- Arms of the Chapel Royal at Massey College

Religion
- Affiliation: Interfaith
- Designation: Chapel Royal

Location
- Location: Massey College
- Municipality: Toronto, Ontario
- Country: Canada
- Interactive map of St. Catherine's Chapel
- Coordinates: 43°39′52″N 79°23′51″W﻿ / ﻿43.66444°N 79.39750°W

Architecture
- Architect: Tanya Moiseiwitsch
- Founder: Vincent Massey
- Established: 1963; 63 years ago

= St. Catherine's Chapel (Massey College) =

Chapel Royal in Toronto, Canada

The Chapel Royal at Massey College (Gi-Chi-Twaa Gimaa Nini Mississauga Anishinaabek AName Amik), also known as St. Catherine's Chapel, is the chapel of Massey College, a graduate residential college at the University of Toronto on its St. George campus.

Founded in 1963, it was made the third Chapel Royal in Canada by Queen Elizabeth II in 2017. It is the first ecumenical and interfaith worship space to be given the designation.

== History ==
When Vincent Massey, 18th Governor of General of Canada, founded Massey College in 1963, he insisted that the college have a chapel. The master plan and buildings of the college were designed by Ronald Thom, but the design of the chapel was entrusted to Tanya Moiseiwitsch, stage designer for the Stratford Festival. Moiseiwitsch's designs were inspired by a 19th-century Russian chapel. In 2005-2006, the firm of Shim-Sutcliffe carried out a renovation of the chapel, adding a white oak ceiling. The chapel features white oak furniture designed by David Linley, son of Princess Margaret.

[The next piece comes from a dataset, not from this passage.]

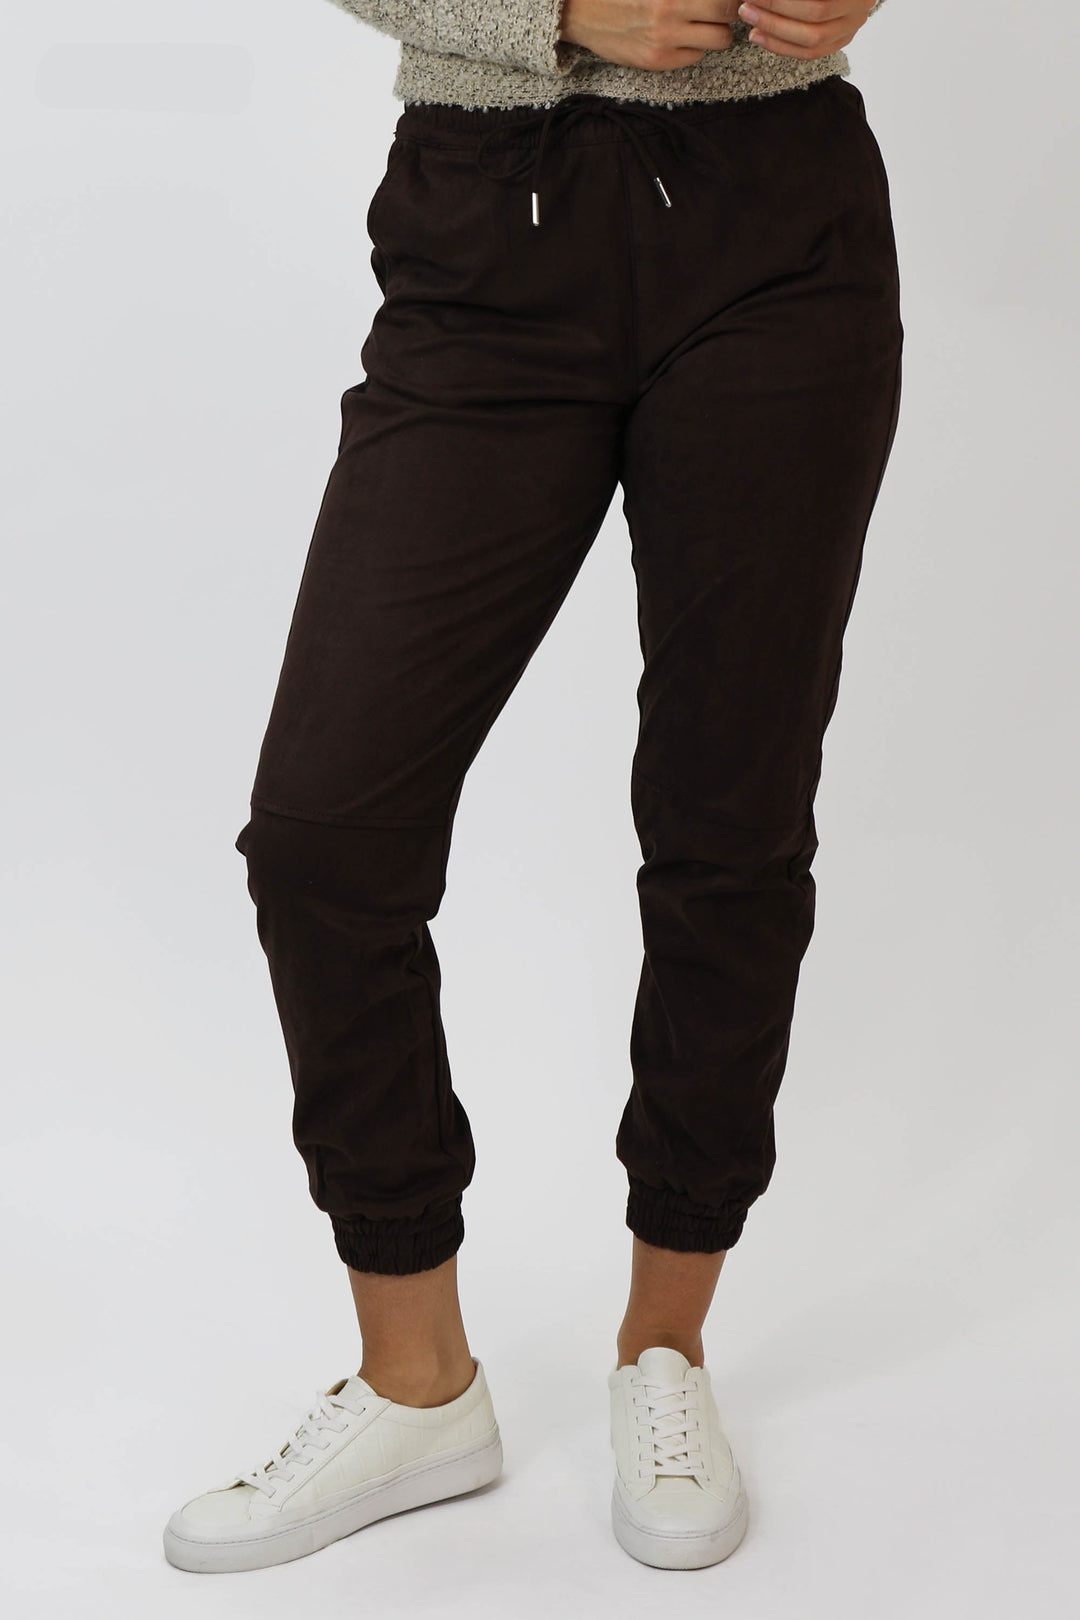 image of a female model wearing a JACEY SUPER HIGH RISE CROPPED JOGGER PANTS MACAROON PANTS

The chapel features art from various Canadian and Indigenous artists such as Sarah Hall, as well as various 16th and 17th century Russian Orthodox icons.

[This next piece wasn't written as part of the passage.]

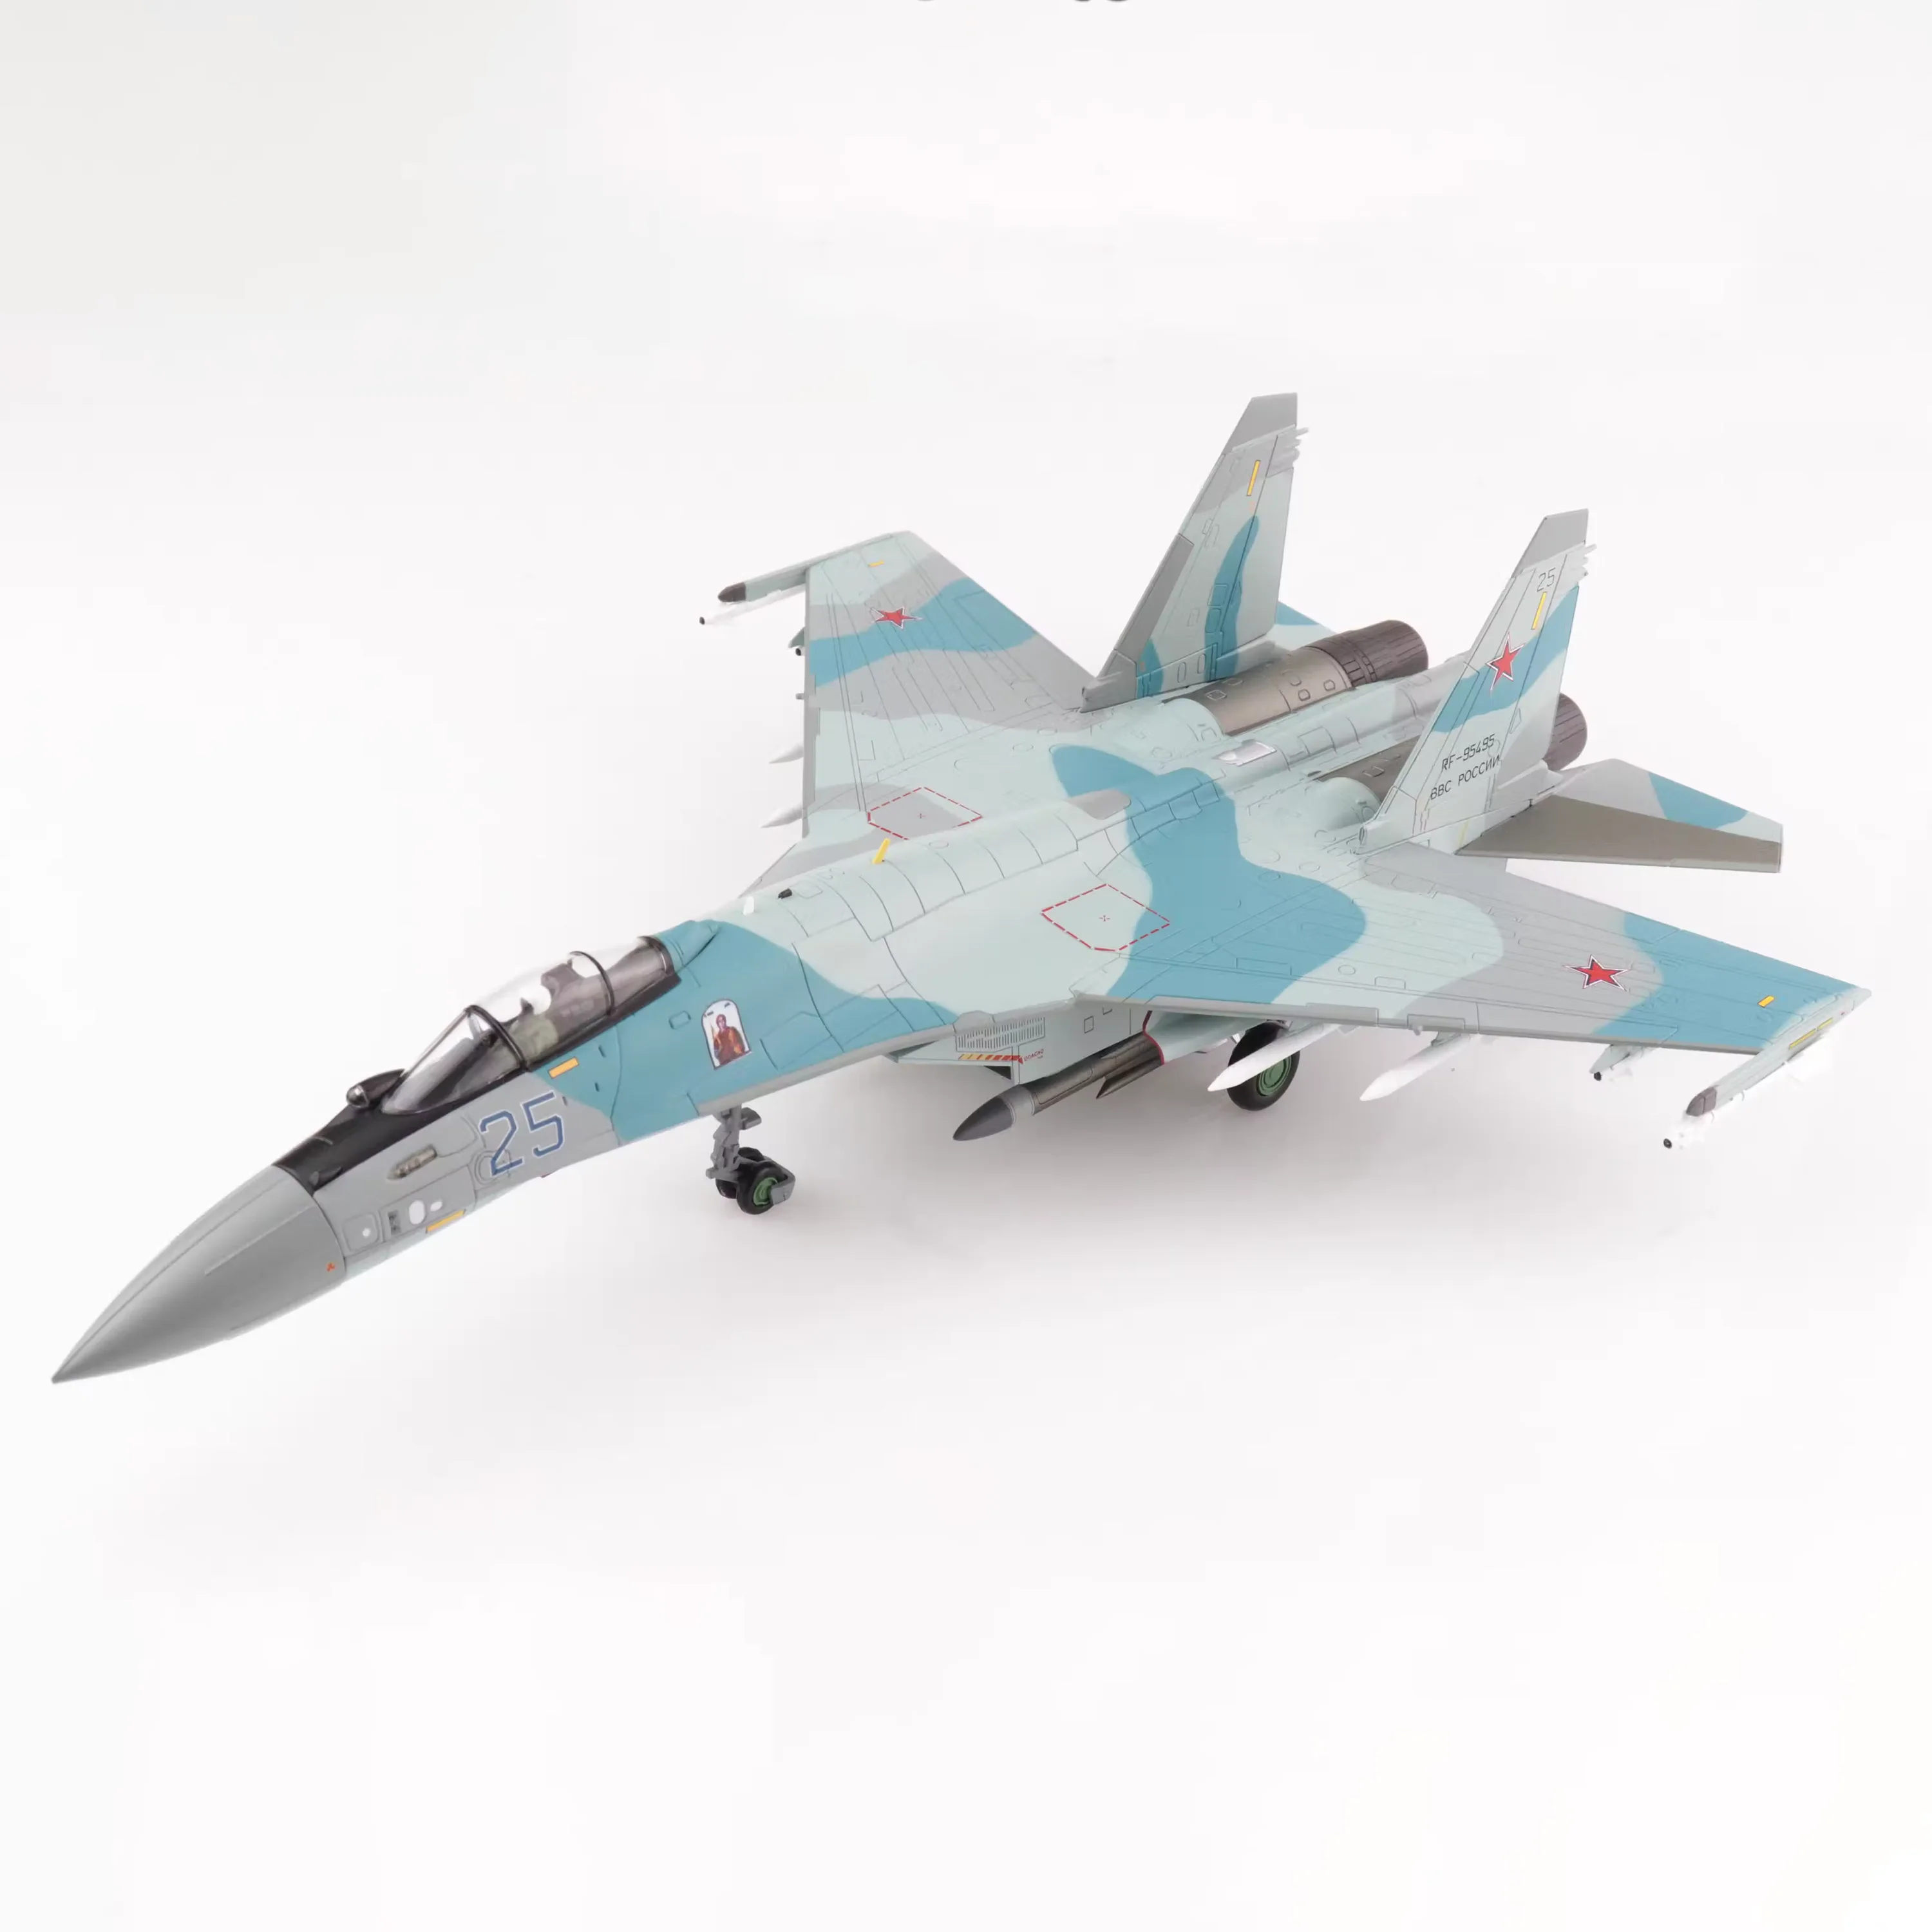 

1:72 Scale Russian Air Force SU-35 Warplane Alloy & Plastic Simulation Model Gift Collection Decorative Toy Diecast Display

== The King's Anishinaabek Sacred Place (Chapel Royal) ==
The The King’s Anishinaabek Sacred Place is a Chapel Royal located within Massey College at the University of Toronto in Toronto, Ontario, Canada. Established originally as the college chapel when Massey College opened in 1963, it evolved from a Christian interdenominational space into a unique multifaith institution dedicated to worship, reflection, dialogue, and Indigenous-Crown reconciliation. In 2017, it was created a Chapel Royal by Her Majesty Queen Elizabeth II, becoming the third Chapel Royal in Canada and the first in the world to possess an explicitly multifaith foundation. The other two, the Mohawk Chapel in Brantford and Christ Church Royal Chapel located on the Tyendinaga Mohawk Territory, are associated with the Mohawk people, making this the first associated with the Anishinaabe.

The chapel maintains a special relationship with the Mississaugas of the Credit First Nation, on whose traditional territory it stands. It also possesses an Indigenous name adopted by the nation, translated as The King's Anishinaabek Sacred Place.

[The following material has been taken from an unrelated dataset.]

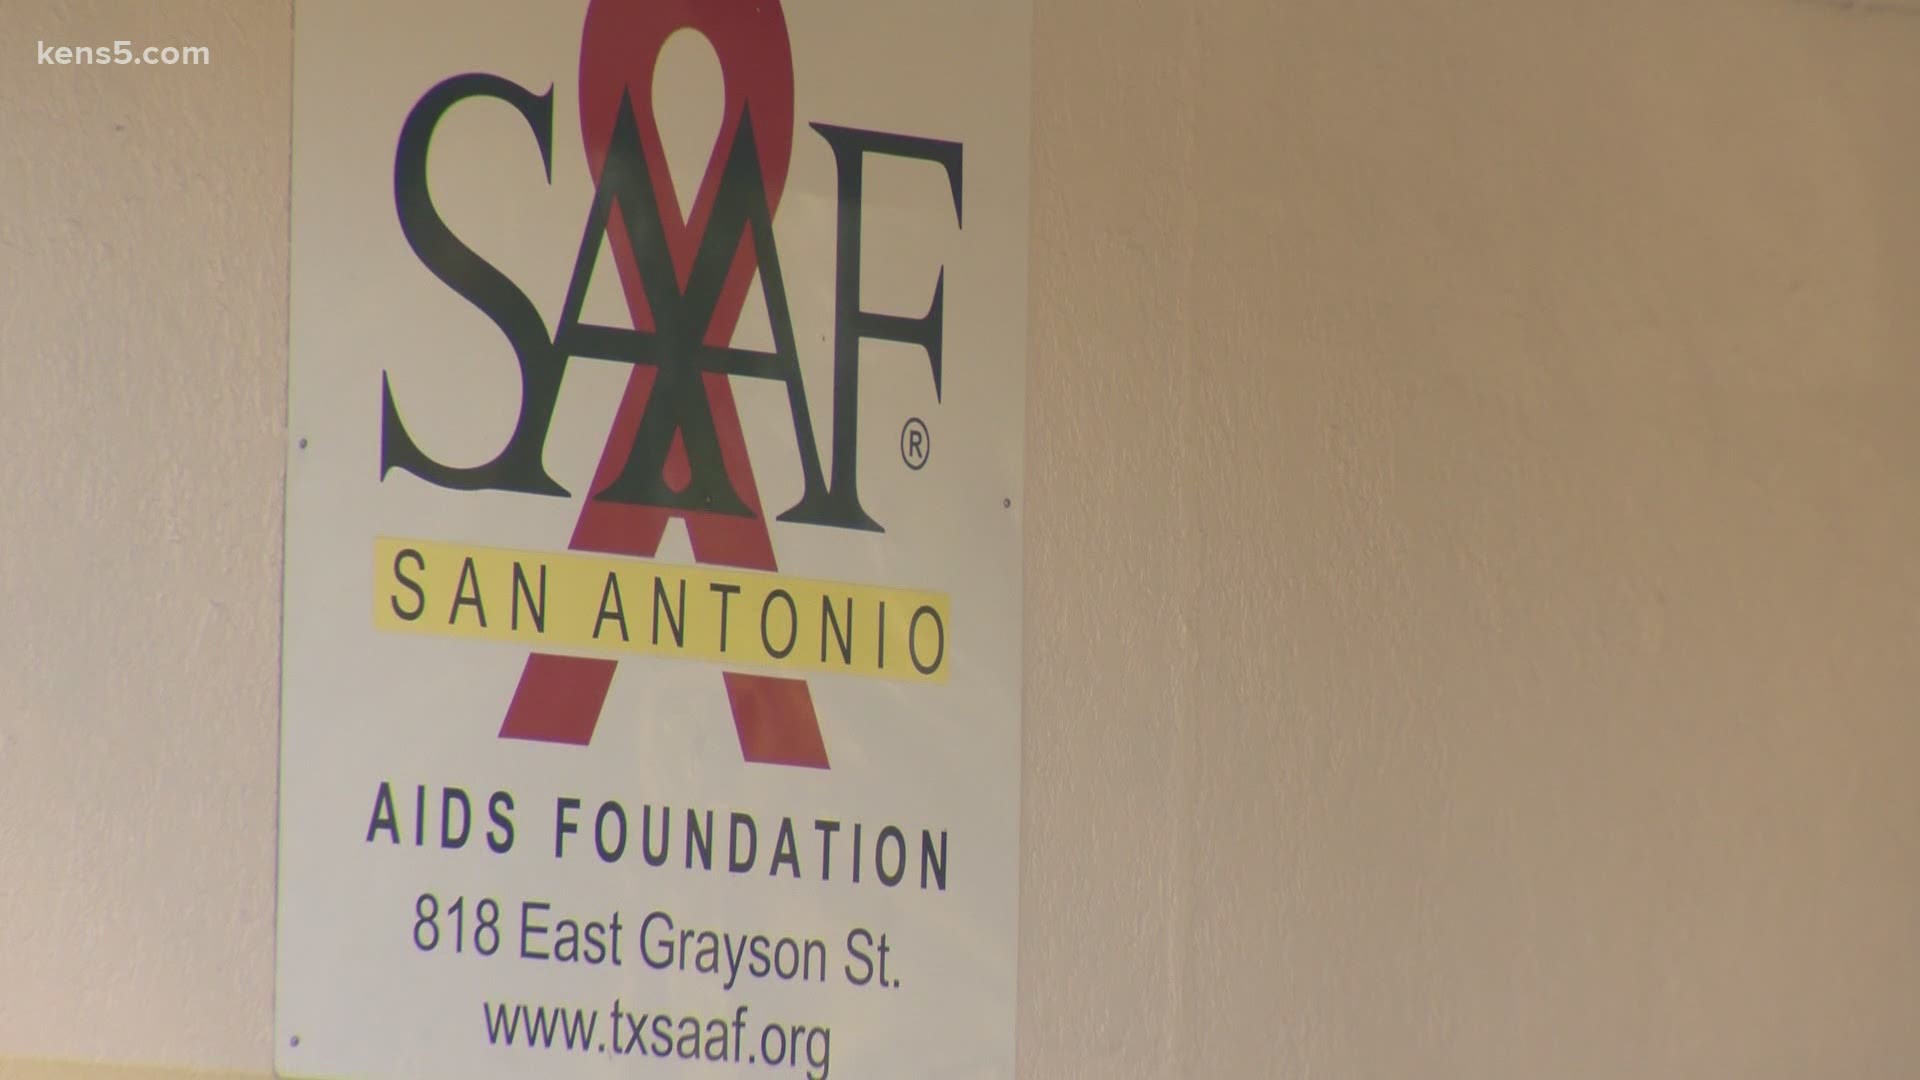 The pandemic has shut down some places for months at a time, including the San Antonio AIDS Foundation.

The chapel was given the Anishinaabemowin name Gi-Chi-Twaa Gimaa Kwe Mississauga Anishinaabek Aname Gamik (The Queen's Anishinaabek Sacred Place), since 8 September 2023, it has been known as Gi-Chi-Twaa Gimaa Nini Mississauga Anishinaabek AName Amik (The King's Anishinaabek Sacred Place).

=== History ===
In 2012, members of the college community began discussing how the chapel could contribute to growing national conversations regarding reconciliation with Indigenous peoples. John Fraser, then Head of Massey College, was encouraged to establish a relationship with the Mississaugas of the Credit First Nation.

To explore possible future directions, the college consulted educator and historian Nathan Tidridge. A committee of senior and junior fellows studied Canada's existing Mohawk Chapels Royal, namely His Majesty's Royal Chapel of the Mohawks in Brantford, Ontario, and Christ Church Chapel Royal in Deseronto, Ontario. The committee explored the possibility of establishing Massey's chapel as a third Indigenous Chapel Royal connected to the Mississaugas of the Credit.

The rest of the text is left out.